* _GOAL OF THE EXERCISE_
An exact transcription of all the data is required; the pictures are to be left out.

* _STORED DATA_
* * * * * * *

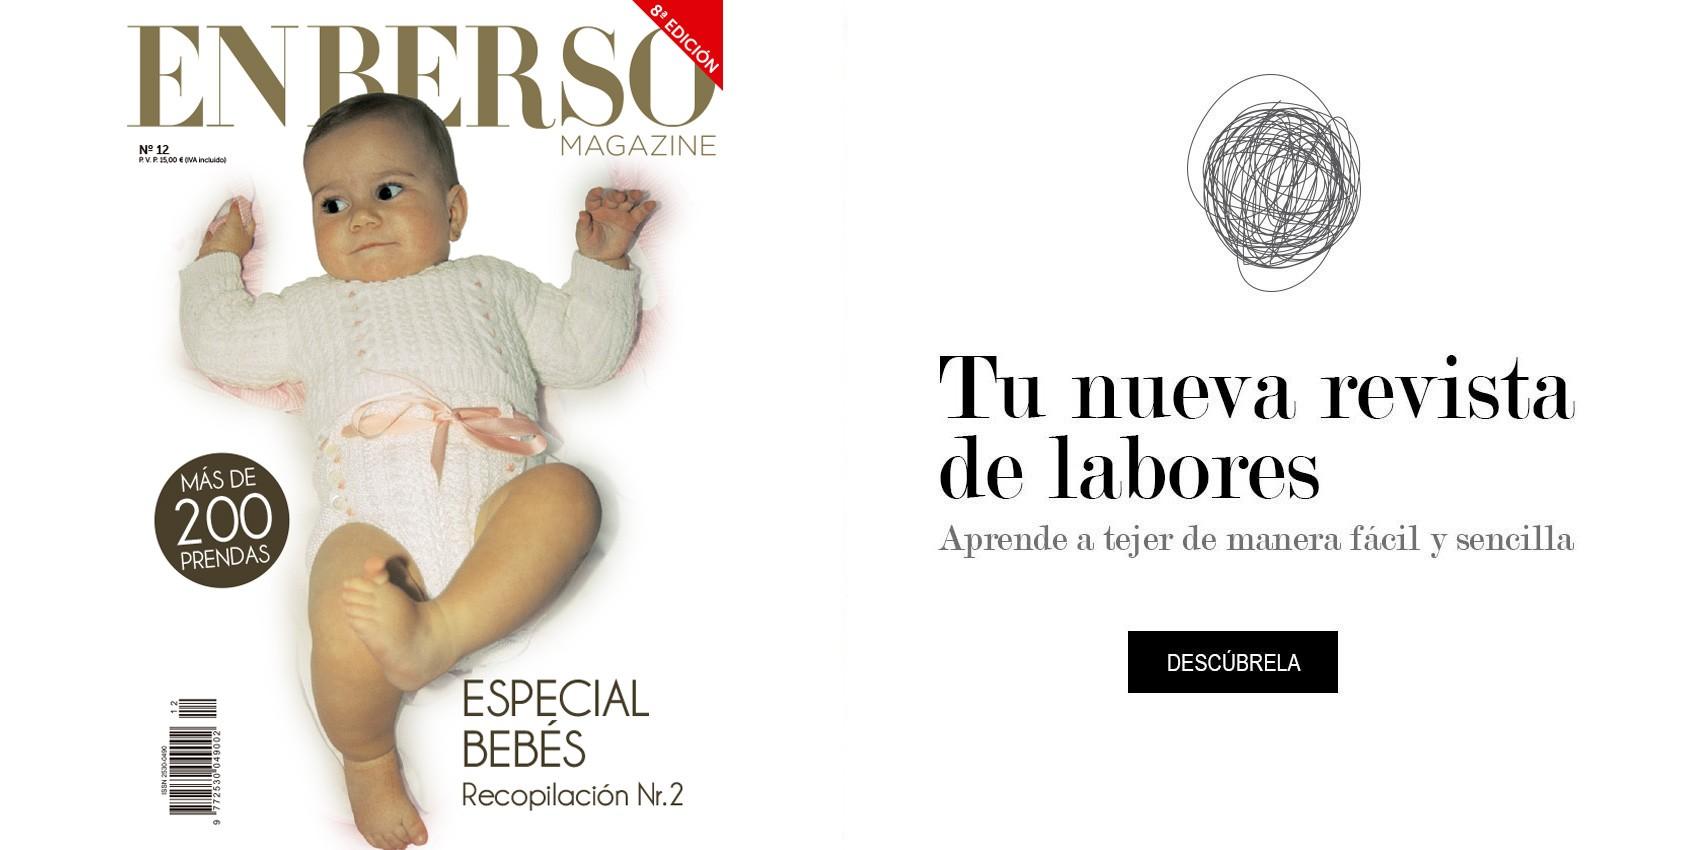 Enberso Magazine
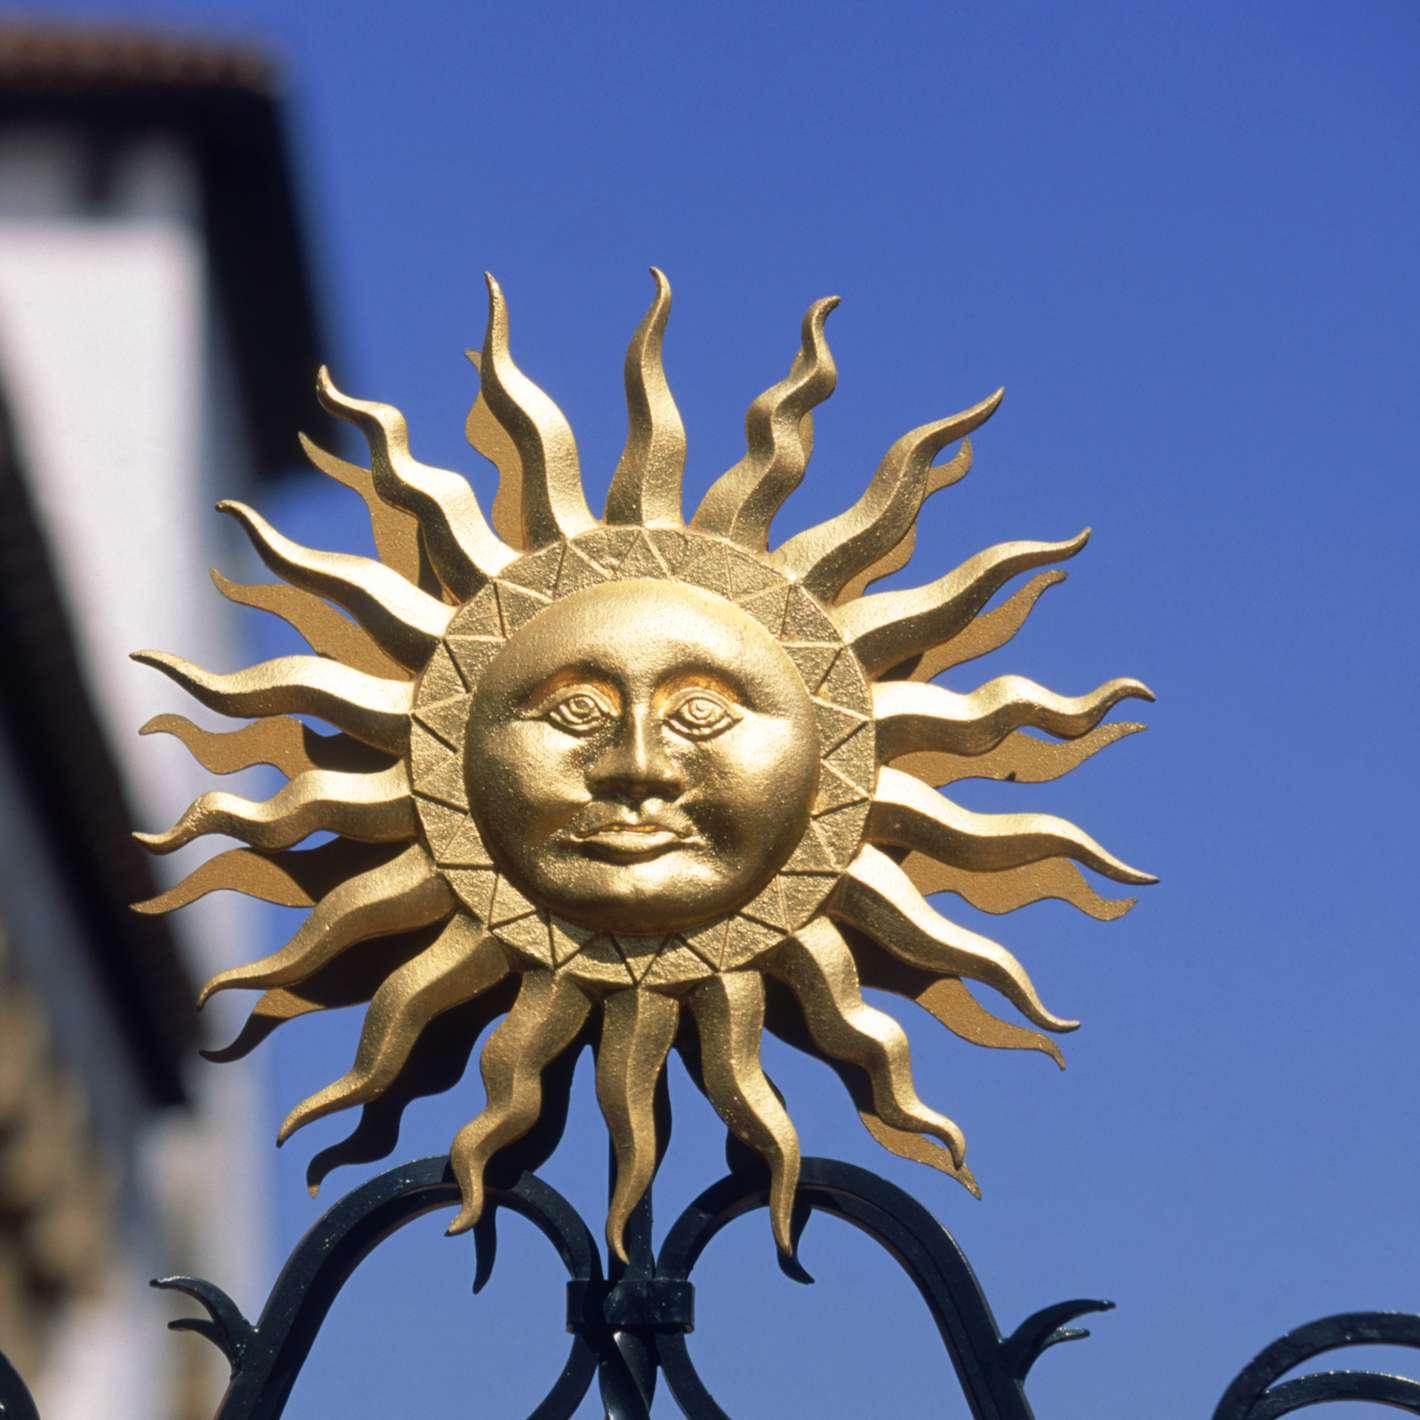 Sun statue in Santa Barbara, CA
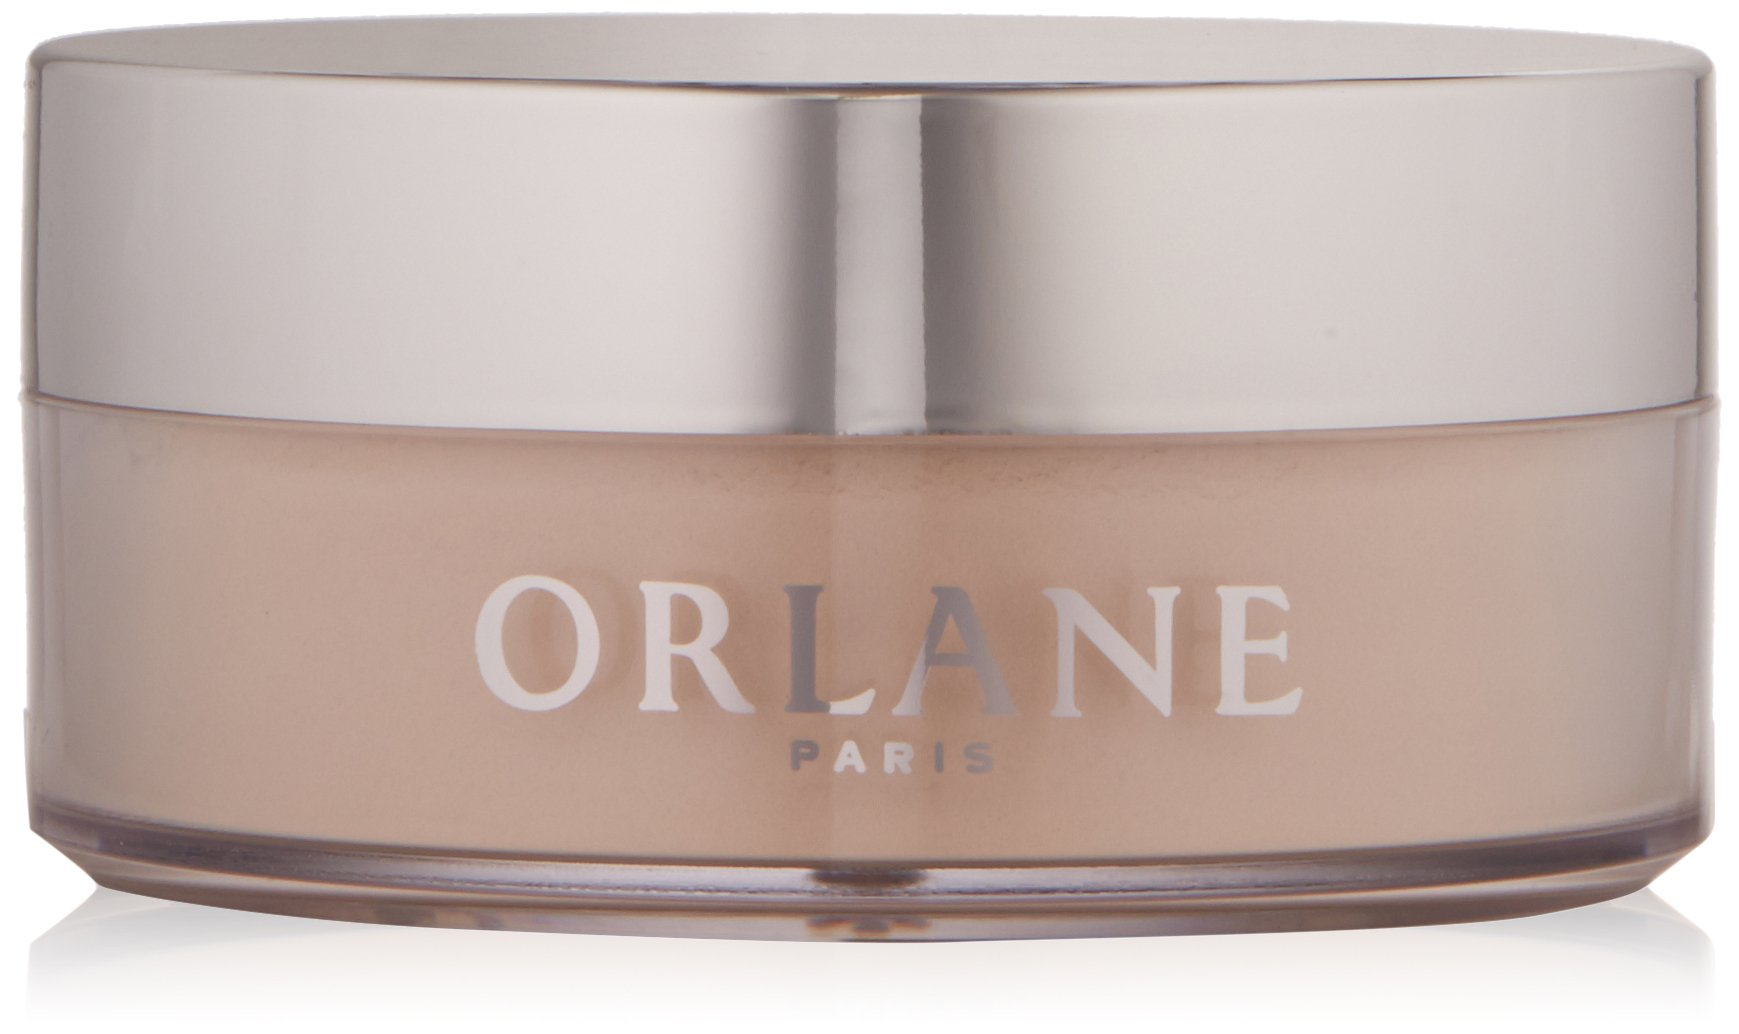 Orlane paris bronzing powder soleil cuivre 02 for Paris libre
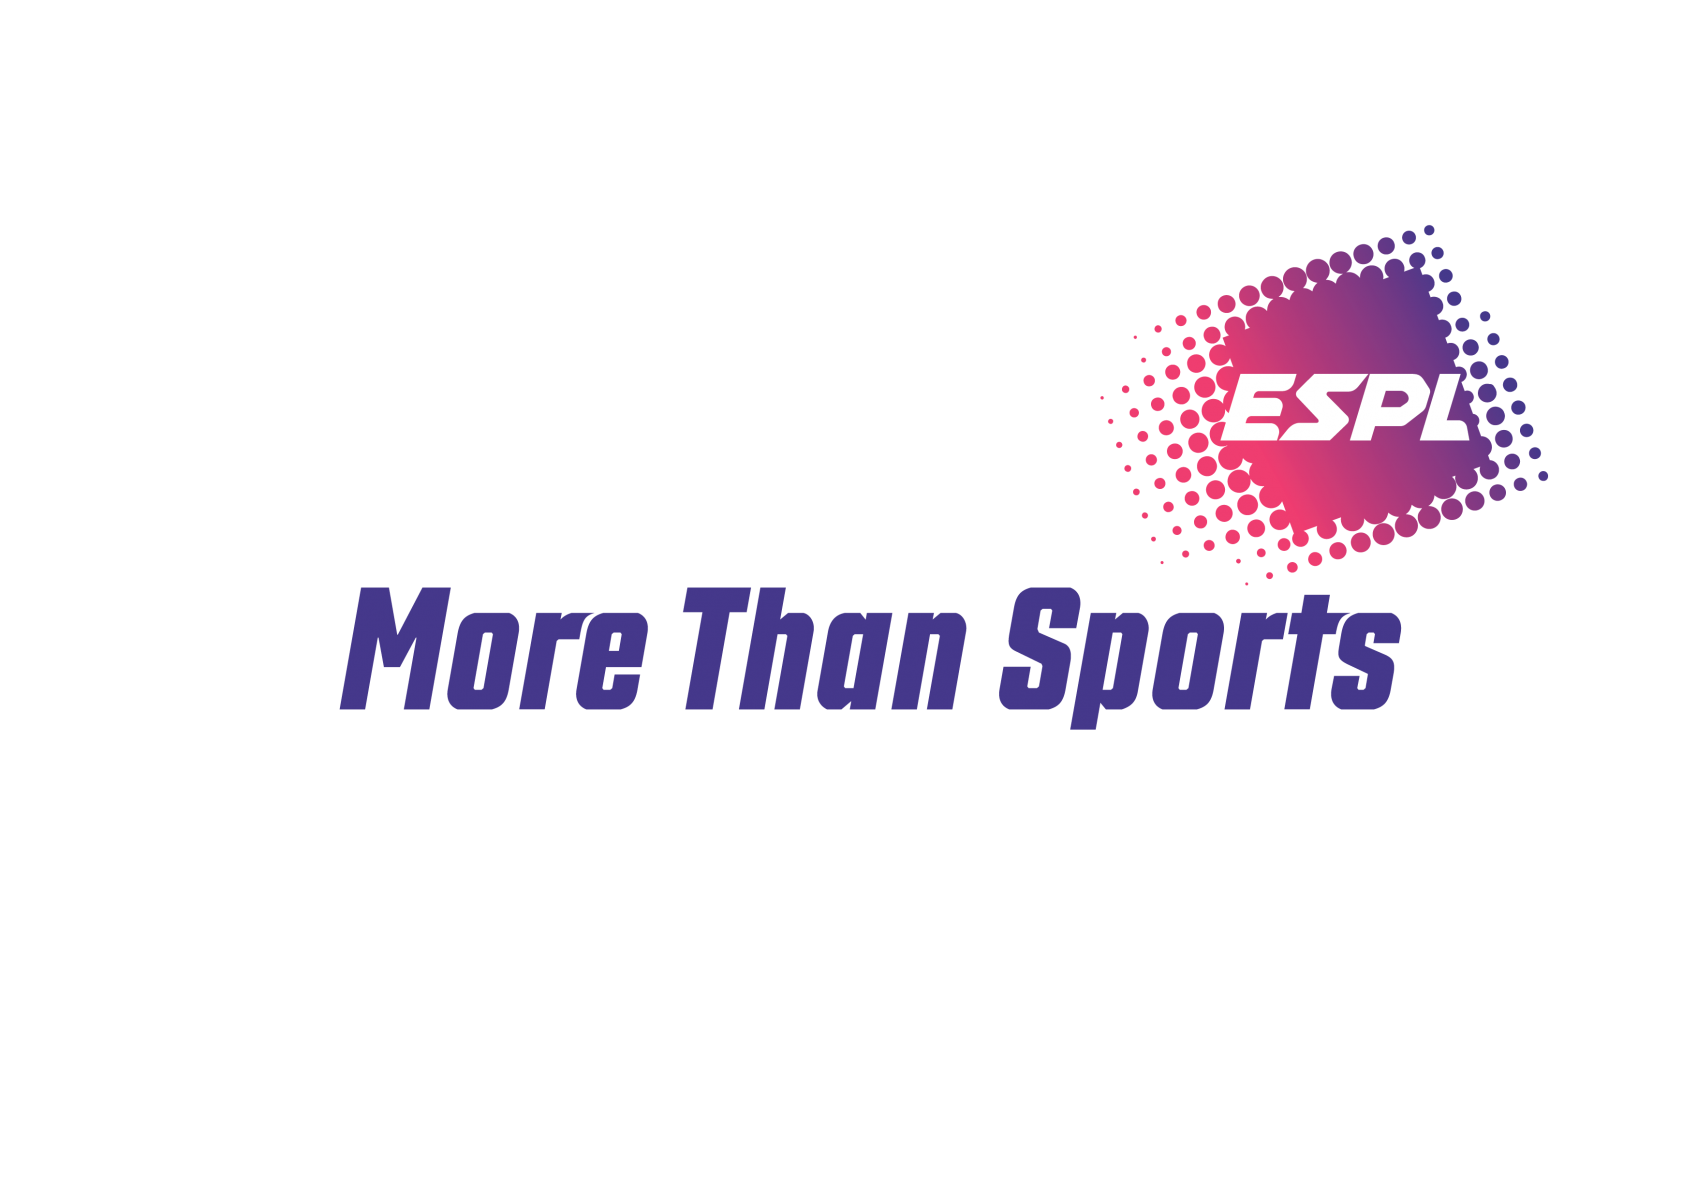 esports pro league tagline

* * * * * * *

* _OUTPUT FOR THIS EXERCISE_
 Enberso Magazine
 Sun statue in Santa Barbara, CA
 Orlane paris bronzing powder soleil cuivre 02 for Paris libre
 esports pro league tagline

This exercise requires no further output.